Portugal está actualmente na presença de um ajustamento estrutural e não conjuntural. Ou seja, o governo tem de efectuar reformas nas leis laborais, no regime fiscal, no modo de funcionamento da Administração Pública, na Saúde, Educação e Justiça que permitam que a retoma económica de Portugal se faça de forma sustentada: através do aumento da produtividade e do investimento privado, nacional e estrangeiro. Isto implica uma alteração de modelo de crescimento económico - até agora temos crescido graças à construção de obras públicas. Este modelo está condenado, quer porque a necessidade destas obras não é eterna, quer porque os fundos europeus para as sustentar vão desaparecer progressivamente (esta constatação da necessidade de alteração do modelo económico resulta, como se vê, não de qualquer excesso de zelo ideológico de neo-liberais, mas da mera constatação da realidade). Fazer estas reformas em tempo de redução das receitas públicas, fruto da desaceleração da economia, é bastante complicado e implica alguma dor social. Isto poderia ter sido evitado, se os que hoje choram lágrimas de crocodilo pela degradação da situaçãos social, se tivessem preocupado em promover estas reformas em tempo de expansão económica.
Onde entra aqui o défice ? O primeiro problema é uma questão de credibilidade internacional, que para Portugal (pequena economia aberta) é muito mais relevante do que para, por exemplo, a França ou a Alemanha. A credibilidade é crucial para a atracção de investimento e fundos estrangeiros e, como vimos nos últimos trinta anos, demora imenso tempo a construir e consolidar, bastando três a quatro anos de disparates para a deitar por terra. A segunda questão é a de que qualquer tentativa de reanimação da economia via investimento público (com agravamento do défice) seria uma insistência no actual modelo, ou seja, um desperdício de recursos. Como as reformas demoram cerca de dois a três anos a fazer efeito na redução da despesa pública e na capacidade de atracção de investimento privado, não há alternativas às medidas extraordinárias para cumprimento das metas para o défice. Por último a consolidação orçamental é condição necessária para uma posterior baixa de impostos que, deixando mais dinheiro nas mãos dos cidadãos, permita um maior investimento e consumo e transforme Portugal num mercado fiscalmente competitivo para atrair investimento estrangeiro.

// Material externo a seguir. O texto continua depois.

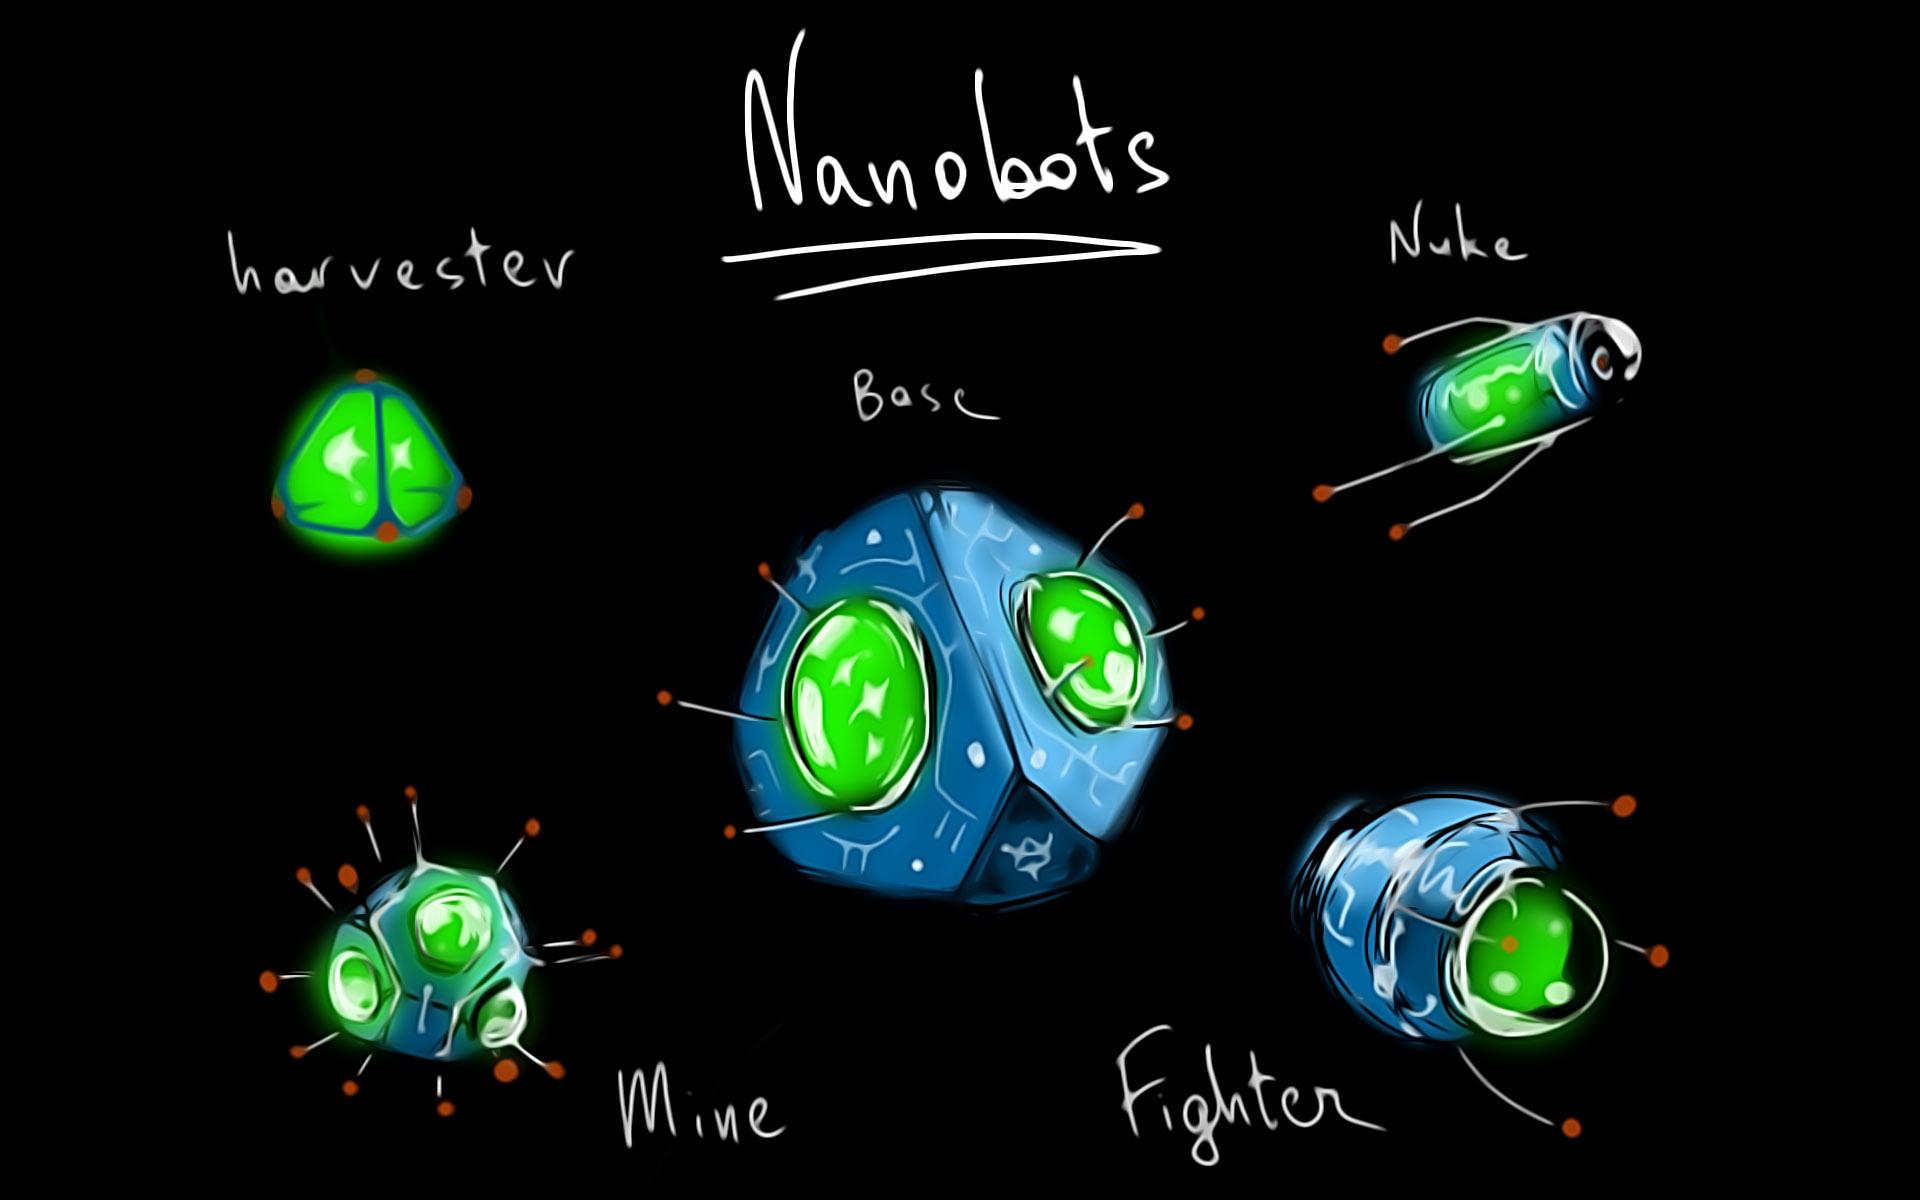 Nano-robotic lifeform sketch
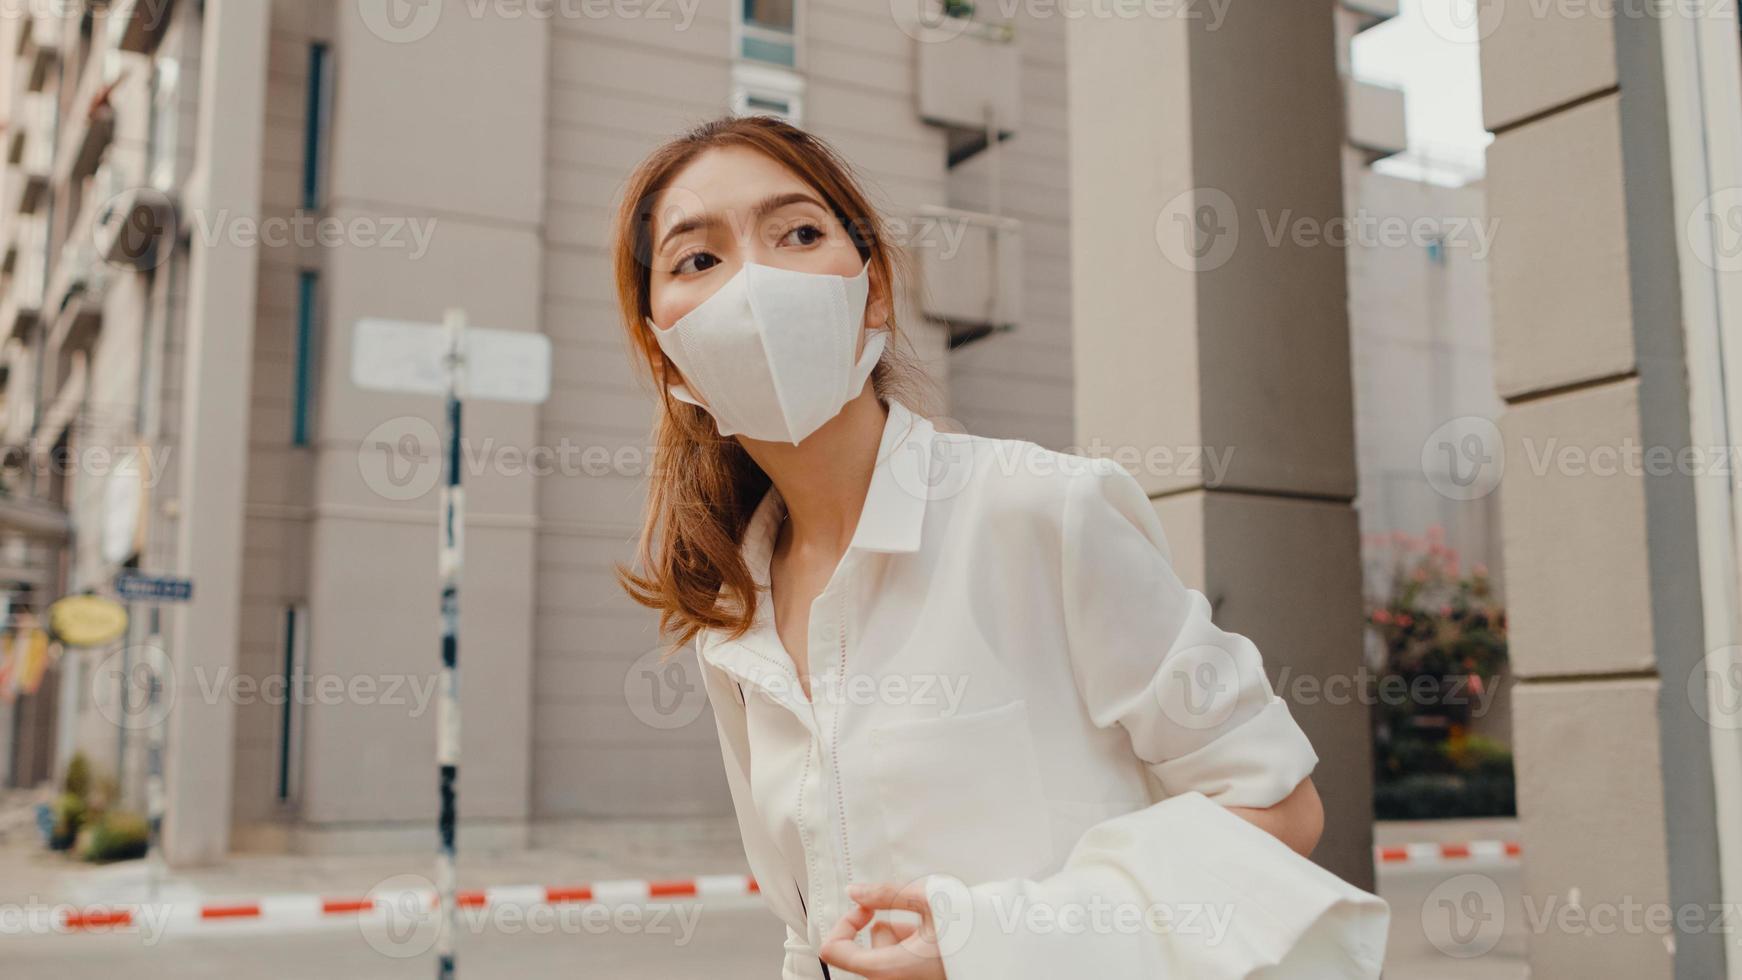 framgångsrik ung asiatisk affärskvinna i mode kontorkläder bär medicinsk ansiktsmask som går ensam utomhus utomhus i modern modern stad på morgonen. covid-19-utbrottspandemi, koncept på affärsresa. foto

A questão do controlo do défice tem pois para Portugal uma múltipla dimensão de credibilidade e atractividade internacional e de alteração do nosso modelo económico. Mudar agora esta política seria desastroso. Ela dará os seus frutos: Portugal como pequena economia aberta rapidamente se adapta a novos desenvolvimentos do quadro em que actuam os agentes económicos. Dada a nossa reduzida dimensão, qualquer pequena alteração de quota de mercado das nossas empresas exportadoras num país europeu tem para nós um enorme impacto. A anunciada retoma económica para 2004 irá certamente levar por arrasto a economia portuguesa.
Espera-se que, então, o crescimento da economia portuguesa seja feito de forma mais saudável, graças a aumentos de produtividade e fruto da sua acrescida capacidade competitiva. Não graças a feiras internacionais ou a estádios de futebol.